— Надо. Очень надо, Лариса Михайловна.
ИНТЕРВЬЮ С ВЕДУЩИМ ТЕРАПЕВТОМ ИМБП
КАНДИДАТОМ МЕДИЦИНСКИХ НАУК Л. М. ФИЛАТОВОЙ
— Лариса Михайловна! У вас впервые такие необычные пациенты, мечтающие о космическом полете. Конечно, медицина еще скажет свое веское слово, и все же, как вы считаете, что должно преобладать в журналисте: здоровье или искра божья?
— С моей точки зрения, здоровье в первую очередь.
— А не случится ли так, что на орбиту полетит журналист идеально здоровый, но заметно уступающий профессионально не прошедшим медицинское «сито» товарищам? Все-таки главная задача полета рассказать людям неординарно о космосе.
— Естественно. Но для этого нужно, чтоб было кому рассказывать...
— Когда-то в ваш институт так же несмело, как мы сегодня, пришли бортинженеры. Интересно, похожи мы на них?
— Мне трудно сравнивать. То были сформировавшиеся, влюбленные в космос люди, которые начинали осваивать его в КБ самого Королева, которые придумывали первые корабли...
— То есть психологически они были более подготовленными?

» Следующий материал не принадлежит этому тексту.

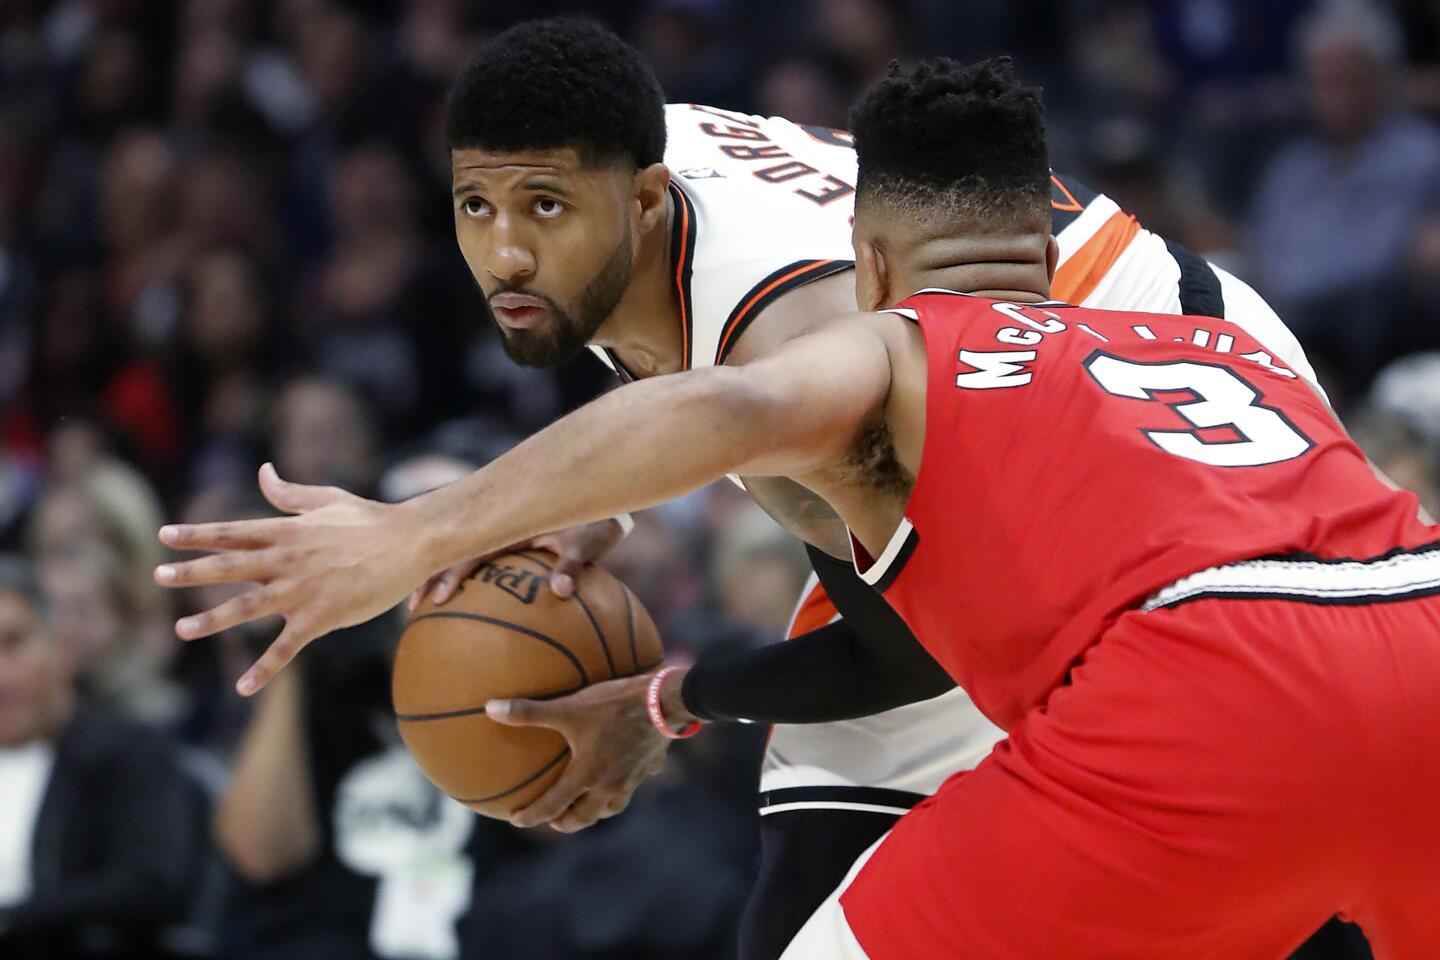 Clippers forward Paul George looks for an opening to the basket against Portland Trail Blazers guard CJ McCollum (3) in the first quarter at Staples Center on Tuesday.

— Чем вы? Вряд ли. Просто относились ко всему иначе, знали — полет станет в их жизни не эпизодом. Профессией!
— А вы считаете, что профессия журналиста не станет такой же вечной на орбите?
— Не думаю. Удовольствие слишком дорогое.
— Но в дальних экспедициях, рассчитанных на годы, потребуются летописцы. Пробьет же час межпланетной истории человечества.
— Ну... может, тогда нужно будет врачей или тех же инженеров обучать писательскому ремеслу.
— Журналистика — не ремесло, Лариса Михайловна, а состояние души, и мне кажется, что легче уж публициста обучить техническому анализу, чем человеку, склонному к техническому мышлению, привить эмоциональное начало... А, кстати, каким вам видится первый космический журналист? Назовите главную его черту.
— Равнодушие к саморекламе.
— А возможно ли такое? Насколько я знаю, большинство советских и американских космонавтов не избежали звездной болезни. Это, наверное, общечеловеческое.
— Здесь, по-моему, не столько космонавты виноваты, сколько те люди которые их толкали на этот пьедестал, давая после приземления огромные привилегии.
— А вы считаете, что привилегии героям космоса не оправданны? Звезды, например...
— Я считаю — нет. Есть действительно очень страшные и очень сложные полеты, когда люди проявляют невероятное мужество. И есть более-менее благополучные. Вот, скажем, профессия летчика-испытателя. Чем она отличается от профессии космонавта? Мы параллельно наблюдаем летчиков из группы Игоря Волка. Они же в обычные дни продолжают испытательные полеты, и на наших глазах один из них недавно погиб. Саша Щукин.
— Он планировался пилотом «Бурана»...
— Да. И был дублером Анатолия Левченко. Летчик вообще каждый день смотрит в глаза смерти. Это его профессия.
— Давайте отвлечемся от грустных мыслей. Скажите, вы рады, что к вам в клинику пришли журналисты?
— С вами, конечно, хлопотно, но интересно. Хочу ли я, чтобы в космосе побывал журналист. Да, хочу. Мне интересно узнать его ощущения. Мы ведь привыкли к лаконичным, конкретным высказываниям специалистов: все штатно или ощущаю прилив крови к голове... Собственно, это понятно. Каждый кандидат на полет старается утаить в своем рассказе неприятные ощущения, опасаясь, что искренность может повредить ему при подготовке к следующей экспедиции. А журналист, думаю, расскажет все без утайки. — Лариса Михайловна, надеюсь, вы приложите все усилия, чтобы мы стартовали.
— Во всяком случае, Юра, мы будем отбирать. Отбор — вещь сложная. Его проходит один из ста крепких военных летчиков. — Но мы надеемся на послабления, учитывая, что для нас — это единственный и краткосрочный полет.
— Мы вас отбираем по той же программе, что и японского журналиста. Поэтому строже, чем к вашим коллегам, относиться не будем.